- Diocese: Maitland
- Installed: 25 February 1848
- Term ended: 17 May 1854
- Successor: James Murray

Orders
- Ordination: 8 November 1840 at Downside Abbey, Somerset, England by Thomas Joseph Brown OSB
- Consecration: 25 February 1848 at Downside Abbey, Somerset, England by William Bernard Ullathorne OSB

Personal details
- Born: Charles Henry Davis 18 May 1815 Usk, Monmouth, United Kingdom
- Died: 17 May 1854 (aged 38) Sydney, New South Wales, Australia
- Denomination: Catholic Church
- Occupation: Catholic bishop

= Charles Henry Davis (bishop) =

English-born Australian Catholic bishop (1815–1854)

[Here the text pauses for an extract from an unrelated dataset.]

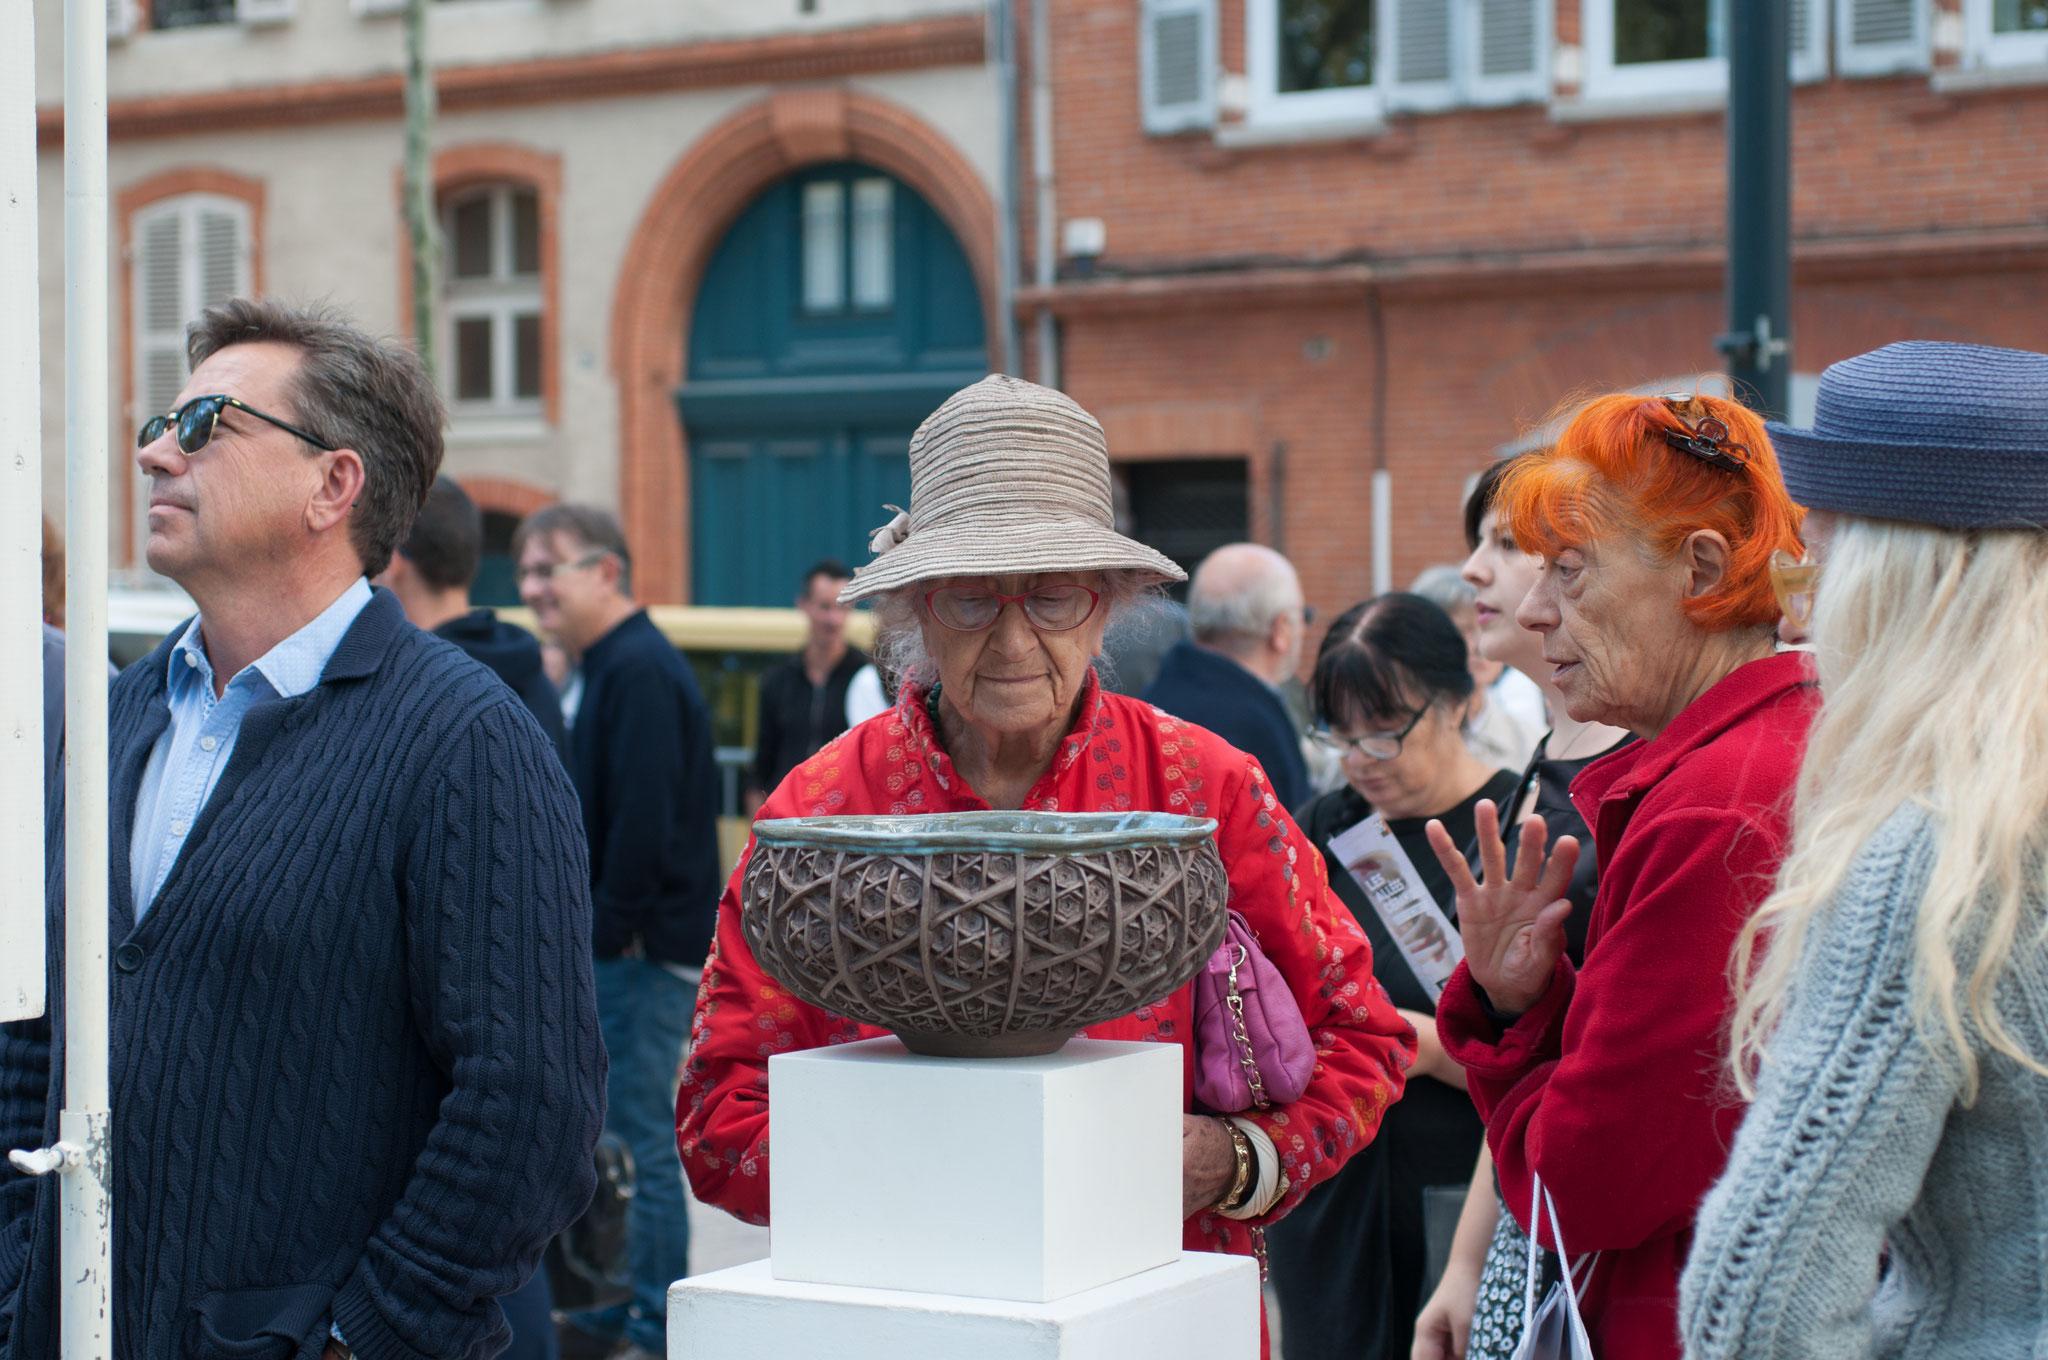 image7 49 | Terre et Terres | Marché Toulouse | Les Allées Céramique à Toulouse les 8 et 9 octobre 2016 | Article | Terre et Terres | 1 novembre 2017

Charles Henry Davis (18 May 1815 – 17 May 1854) was an English Benedictine bishop of the Catholic Church. He served as the first Bishop of Maitland and first Coadjutor Archbishop of Sydney.

==Early life==
Davis was born in Usk, Wales in 1815, to Michael and Jane Davis. He had eight siblings, two of whom died as infants. He was the second youngest of six boys. All six were educated by the monks of Downside Abbey and three of them, including Charles, became Benedictine priests.

Davis concluded his studies at Downside Abbey in 1833 and immediately joined the Benedictine Order. On 1 March 1833, he was clothed in the Benedictine habit by Dom George Turner OSB. The future Archbishop of Sydney, John Bede Polding, was the novice master and subprior at Downside Abbey while Davis was a novice.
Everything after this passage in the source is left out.